Confirmed, Inconclusive, and rank-delta events are always kept by default.
Set `NYX_NO_TELEMETRY=1` to disable event writes.
## Feedback
To record a bad verdict:
```bash
nyx verify-feedback <finding_id> --wrong "reason"
```
Feedback is written to the local event log. Nyx does not upload it.
## Determinism
Every random source is seeded from the spec hash, so two runs of the same spec
produce identical payloads and identical verdicts. `scripts/check_no_unseeded_rand.sh`
audits the tree for unseeded `rand` usage on every CI run.
## Limitations
- The harness drives the finding's enclosing entry function when one is
derivable, routing the payload to the tainted parameter, so a guard in the
code around the sink (a merge target built with `Object.create(null)`, an
`ObjectInputStream` subclass whose `resolveClass` enforces an allowlist, a
const-name check before `Marshal.load`) runs first and participates in the
verdict. The build-time choice is recorded on the verify trace as
`entry_invocation` (`mode=entry_function` or `mode=direct_sink`). When no
enclosing entry can be derived the harness falls back to driving the sink
directly, and that fallback can over-confirm a guard it never executes. Read
a `direct_sink` `Confirmed` as "this sink is reachable and fires on attacker
input," not "this exact code path has no in-line mitigation." Framework-level
guards (auth middleware, helmet) are also recognized and demote to
`ConfirmedWithKnownGuard`.
- Per-language payload curation is uneven. Command and code injection ship for
all ten languages; the classic data-style injection caps (SQL, path
traversal, SSRF, XSS) ship a tuned set for Rust and fall back to a
language-neutral payload union elsewhere; the framework-specific caps are
curated for the languages where they occur. The matrix above is the precise
state.
- A `NotConfirmed` verdict is not a clean bill. It means the harness did not
fire, which can be an infeasible path or a corpus that does not cover the
shape. Keep reviewing `NotConfirmed` findings.

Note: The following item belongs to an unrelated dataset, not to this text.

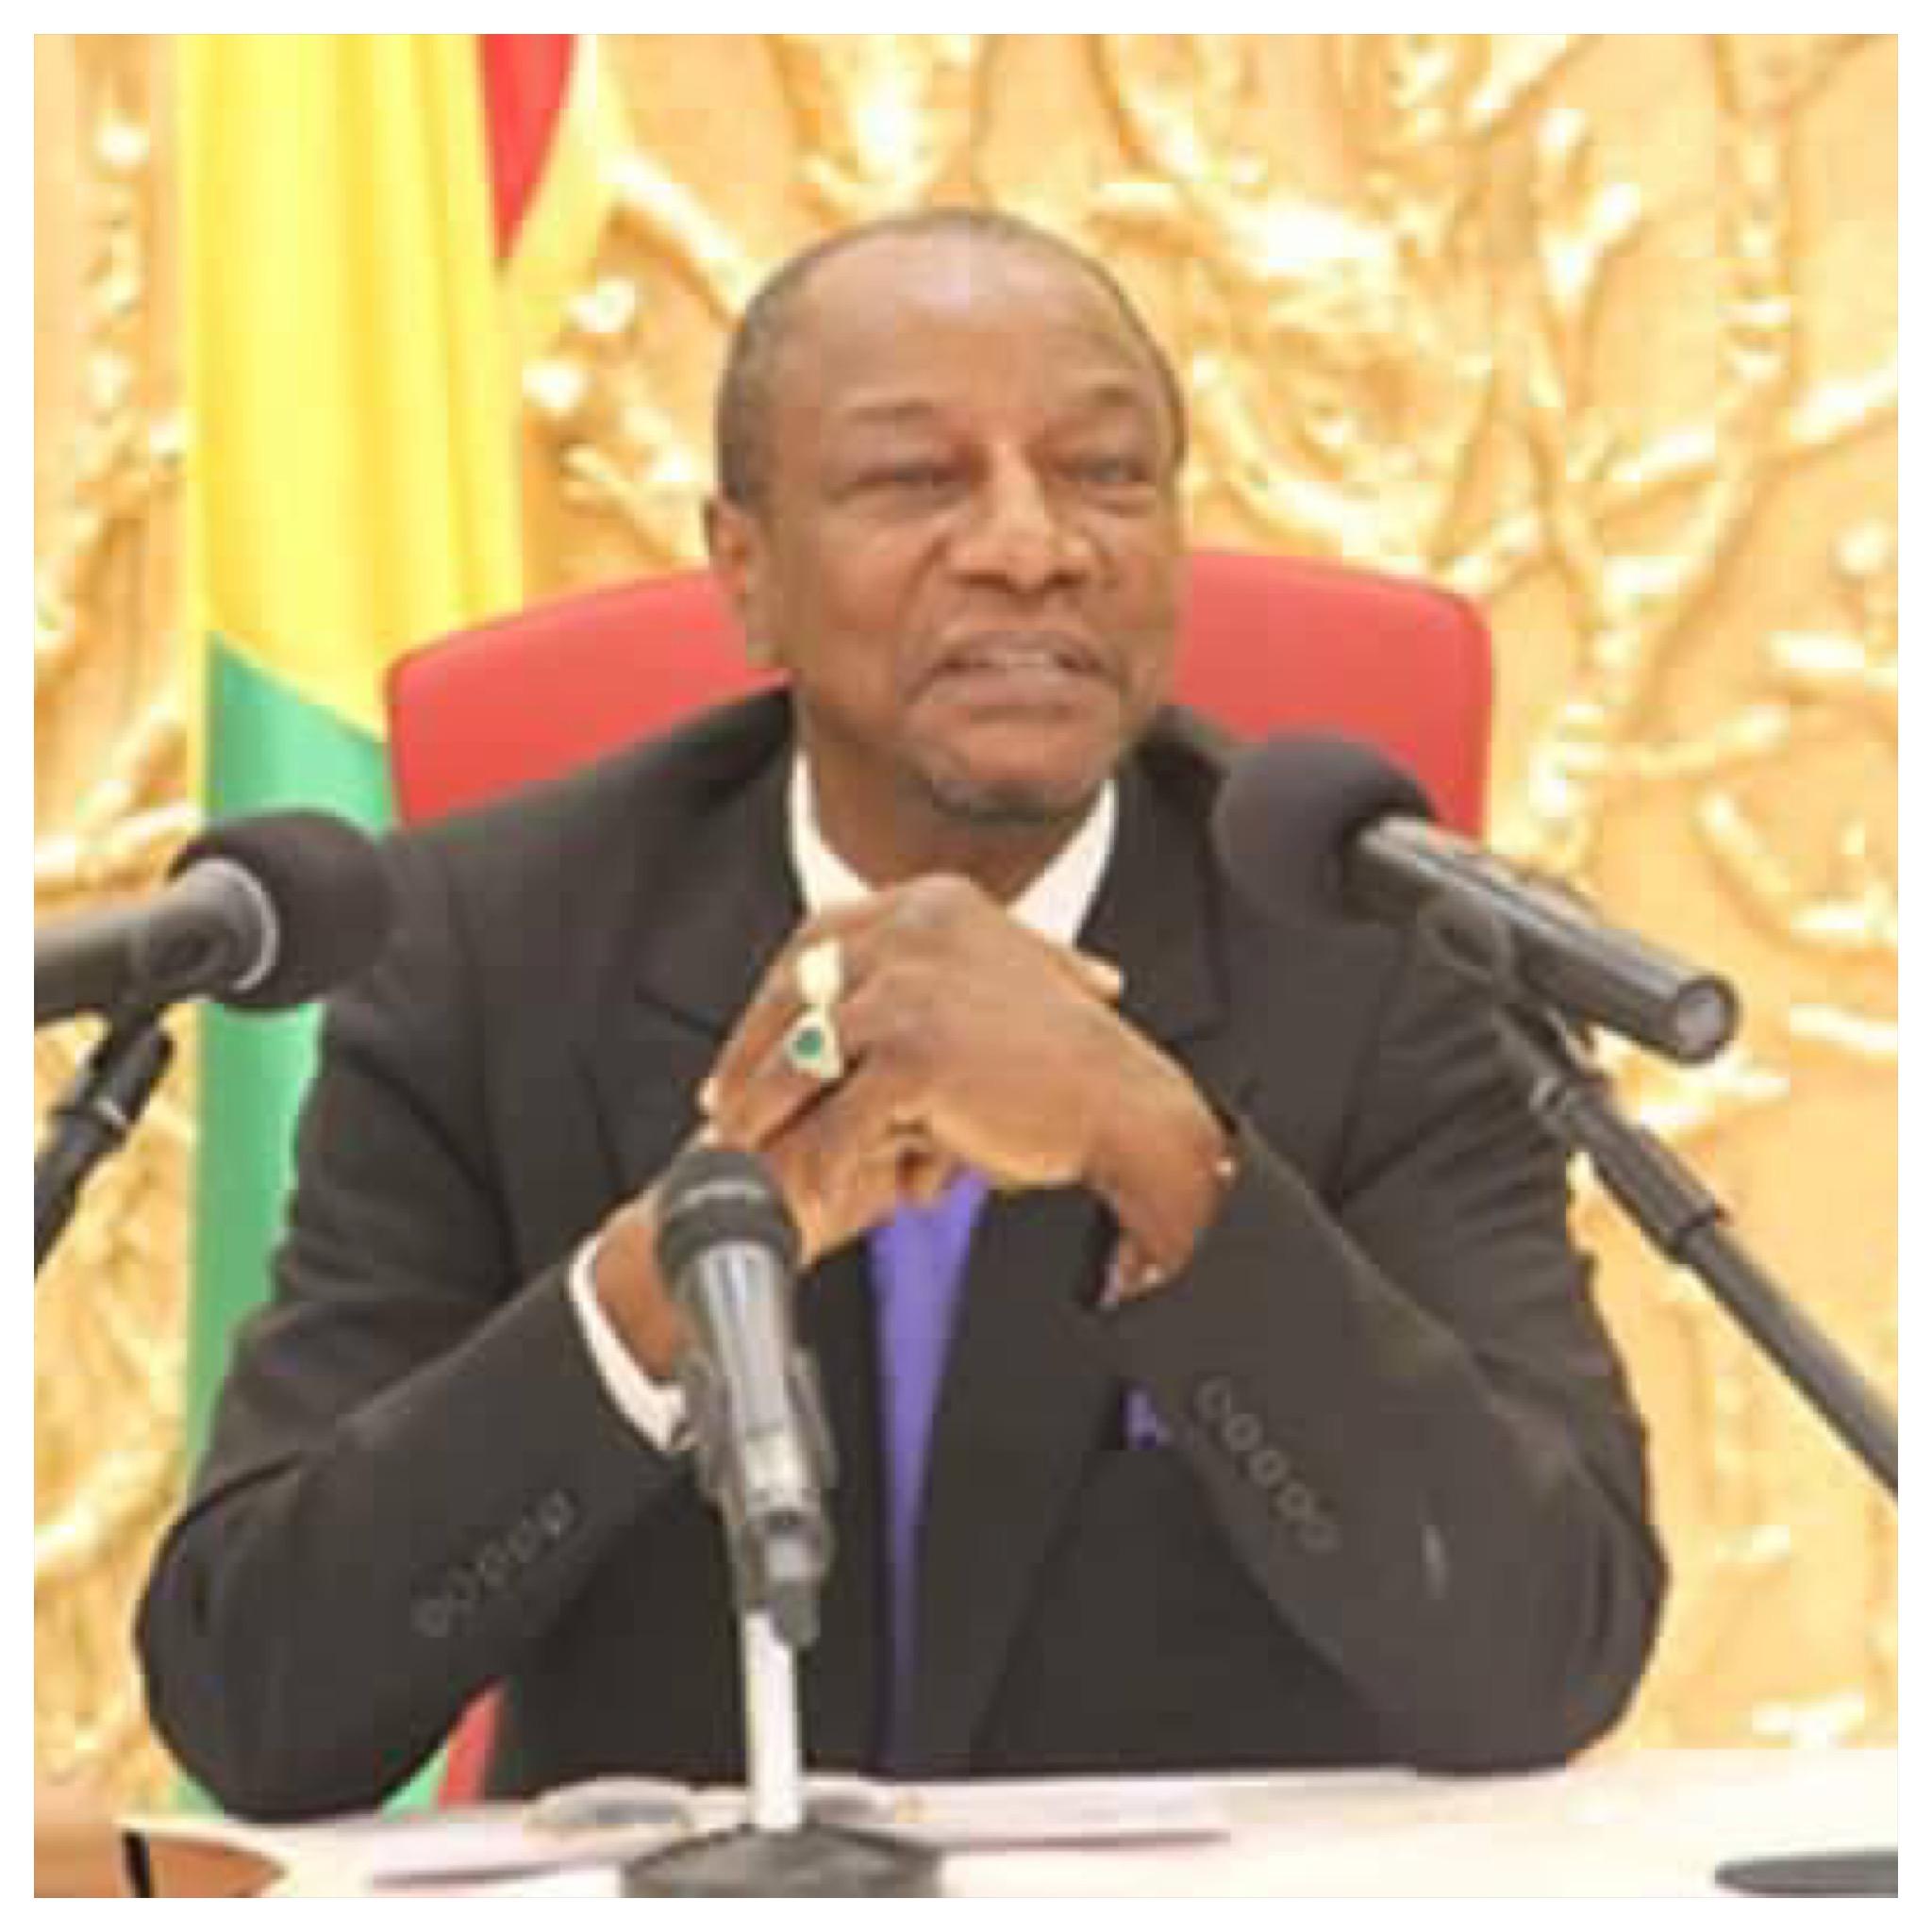 Alpha Conde President de Guinér conakry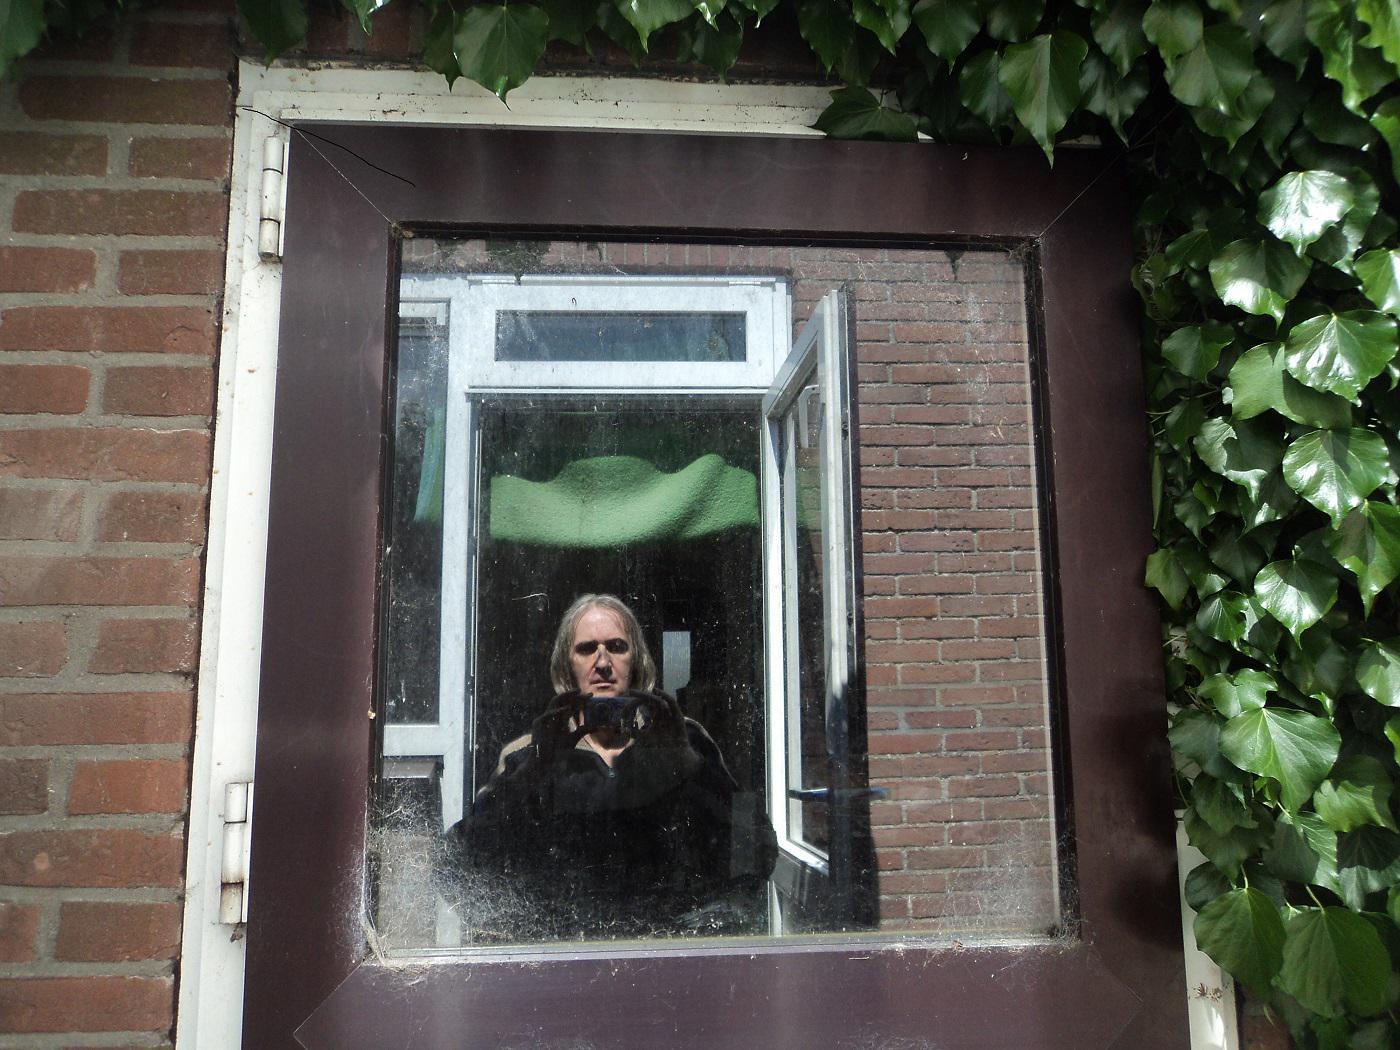 kl12345 uit Noord-Holland,Nederland

- The process backend is weaker isolation than Docker. Use `--backend docker`
or `--harden strict` for untrusted code, and never `--unsafe-sandbox` in CI.
- Real-corpus acceptance rows (OWASP Benchmark, NodeGoat, Juice Shop, and the
polyglot set) self-skip in CI unless the corresponding `NYX_*_CORPUS`
environment variable points at a checkout. They are not vendored into the
repo.
- C and C++ have no framework adapters. Findings in those languages verify
through `argv` and `stdin` entry points only.
## Browser UI
`nyx serve` shows dynamic verdicts on finding detail pages, uses them in
ranking, and can compare verdict changes between saved scans. See
[Output formats](output.md) for the `dynamic_verdict` schema.